The BBC and BuzzFeed News report that they have uncovered evidence of "widespread suspected match-fixing at the top level of world tennis," including at Grand Slam events including the Wimbledon championships.

Tennis Integrity Unit

In the past 10 years, 16 players who have ranked in the top 50 have been repeatedly flagged to the Tennis Integrity Unit over suspicions they have thrown matches, said the BBC.

All of the players, including winners of Grand Slam titles, were allowed to continue competing.

The documents passed to the BBC and Buzzfeed include the findings of an investigation set up in 2007 by the Association of Tennis Professionals to look into suspicious betting activity after a game involving Nikolay Davydenko and Martin Vassallo Arguello.

Both players were cleared of breaking any rules, but the investigation developed into a wider enquiry about possible match fixing.

ATP president Chris Kermode told the BBC he is aware there is match-fixing within tennis but says it is at an "incredibly small level”.

The BBC said that the documents it obtained - received from “a group of whistleblowers within tennis" -  show the enquiry found betting syndicates in Russia, northern Italy and Sicily making hundreds of thousands of pounds betting on matches investigators thought to be fixed, including three at Wimbledon.

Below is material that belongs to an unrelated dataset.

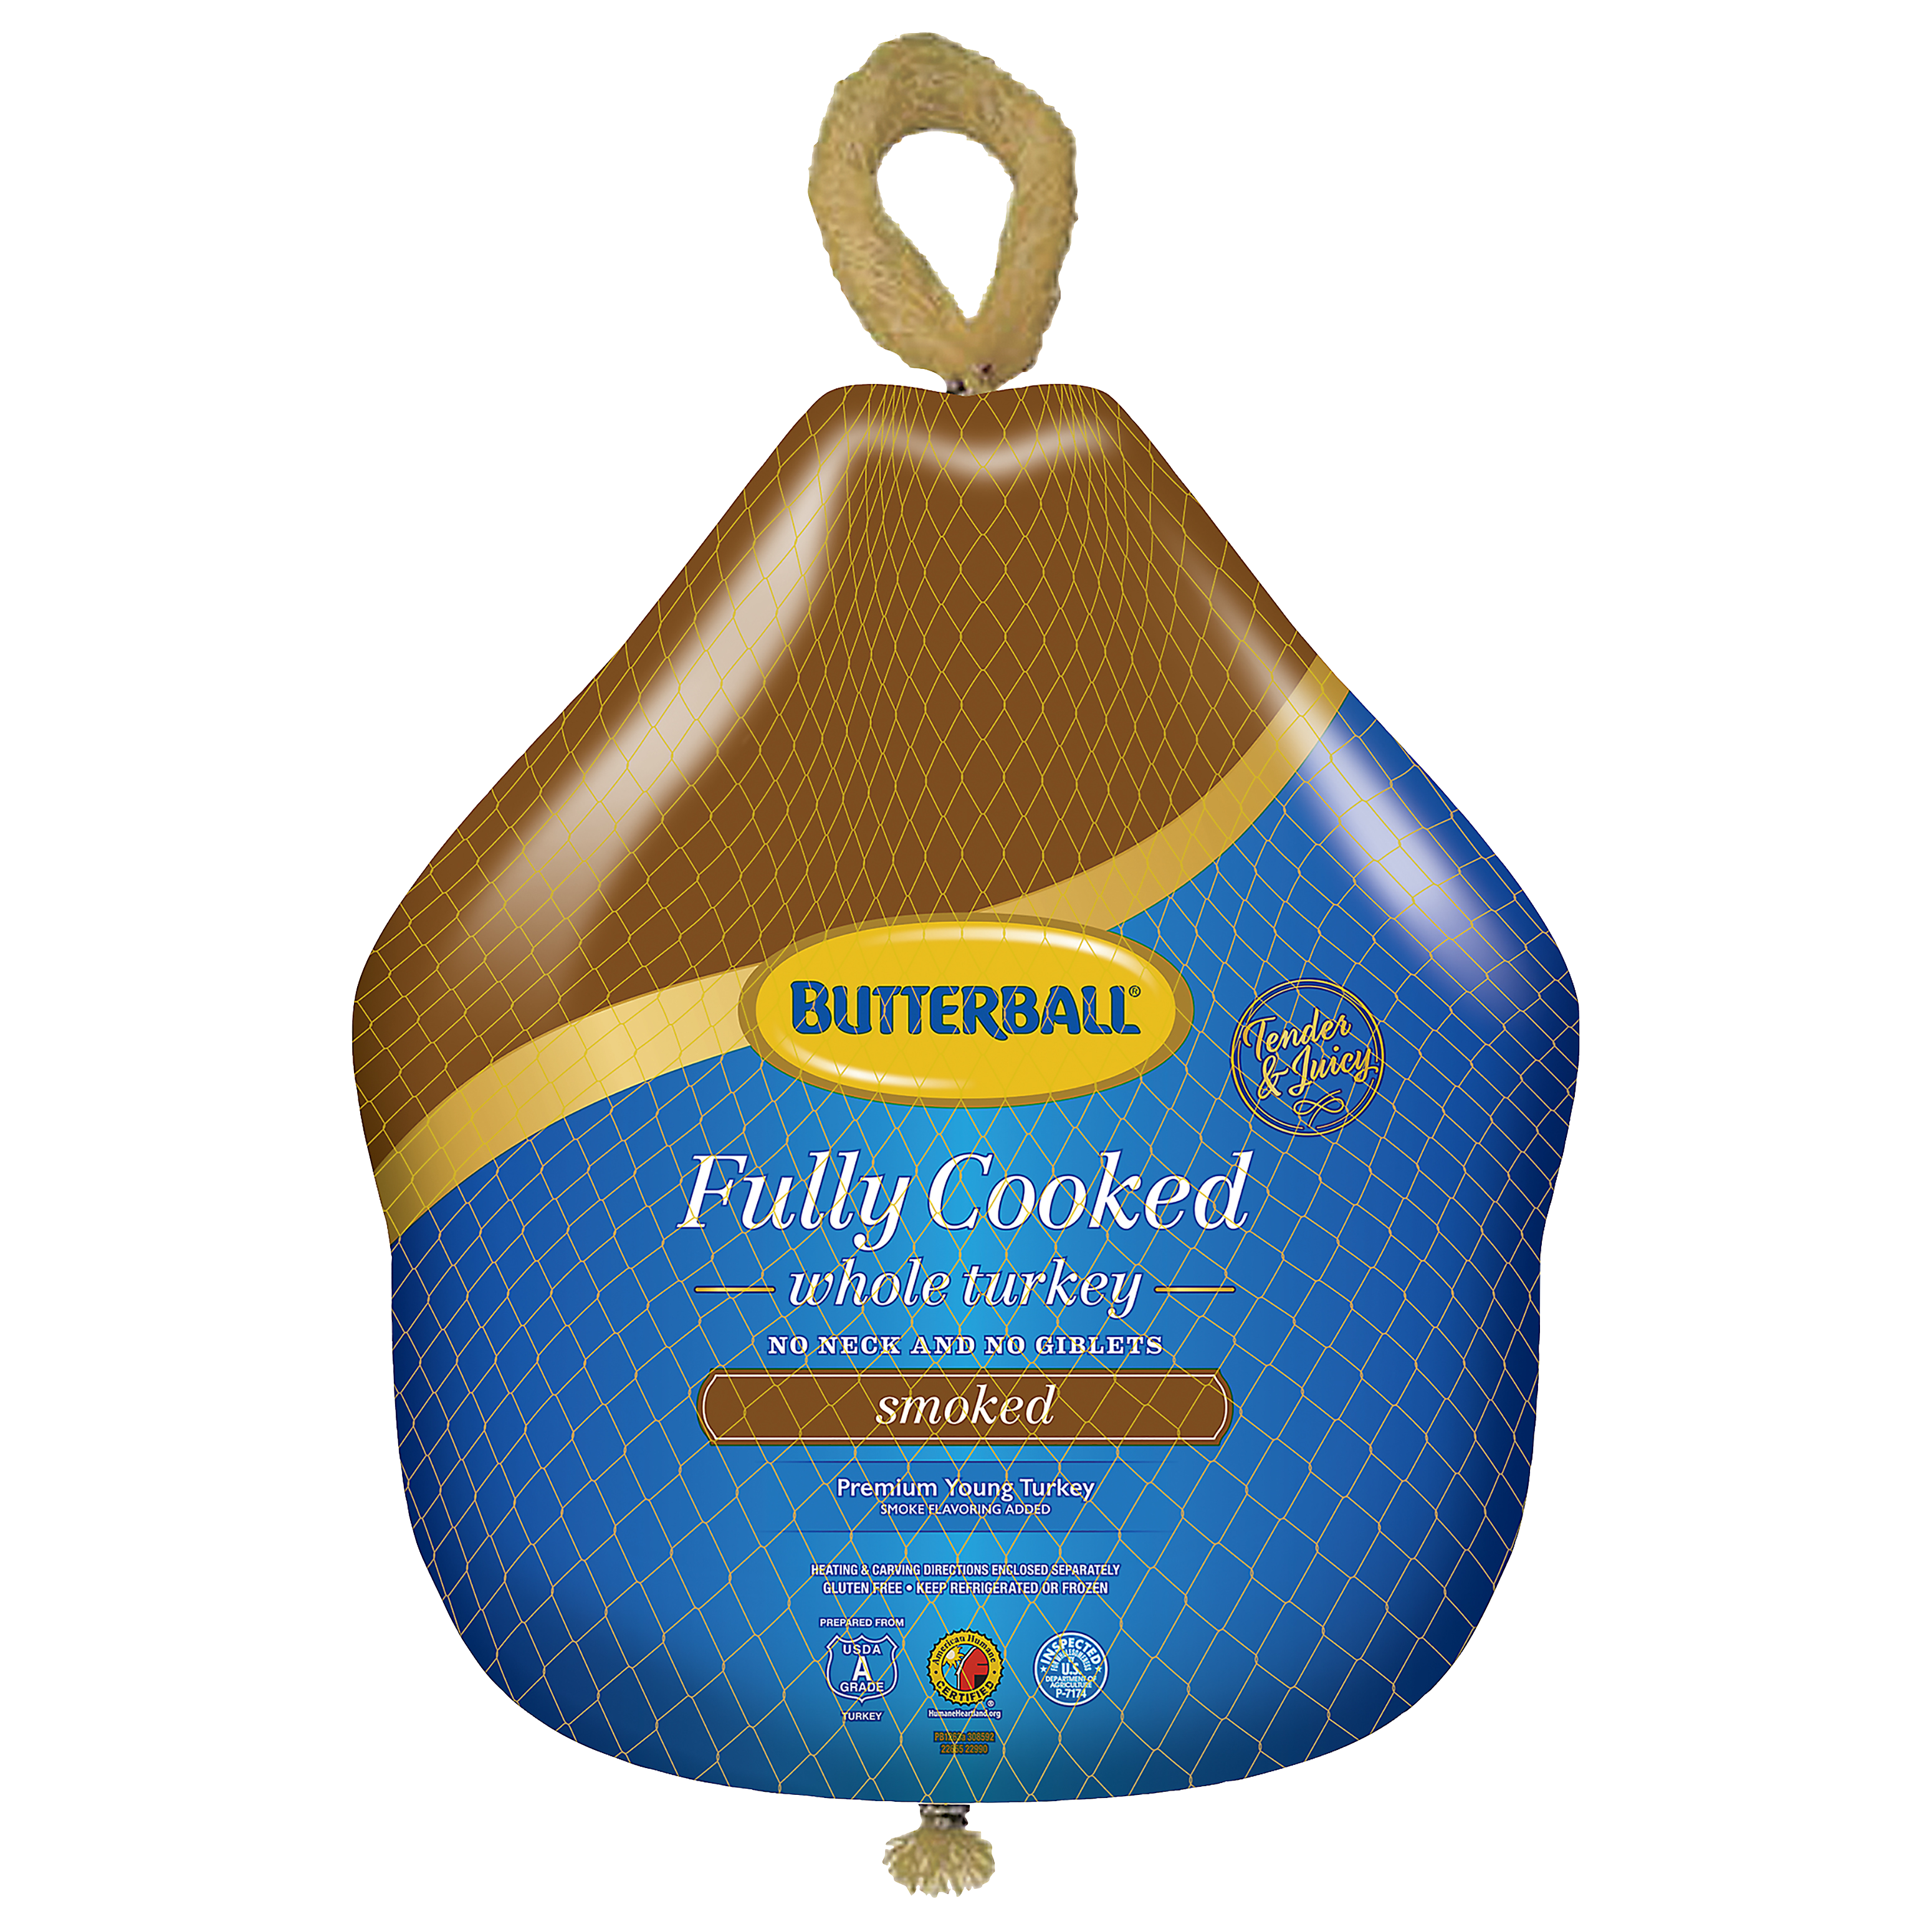 https://www.butterball.com/sites/butterball/files/2022-10/Butterball_Whole-Turkey_00022655229902_CF_0.png

The corporation contacted Mark Phillips, one of the betting investigators in the 2007 enquiry, who told the BBC that they discovered repeated suspicious betting activity about a clear group.

"There was a core of about 10 players who we believed were the most common perpetrators that were at the root of the problem," he said.

"The evidence was really strong," he added. "There appeared to be a really good chance to nip it in the bud and get a strong deterrent out there to root out the main bad apples."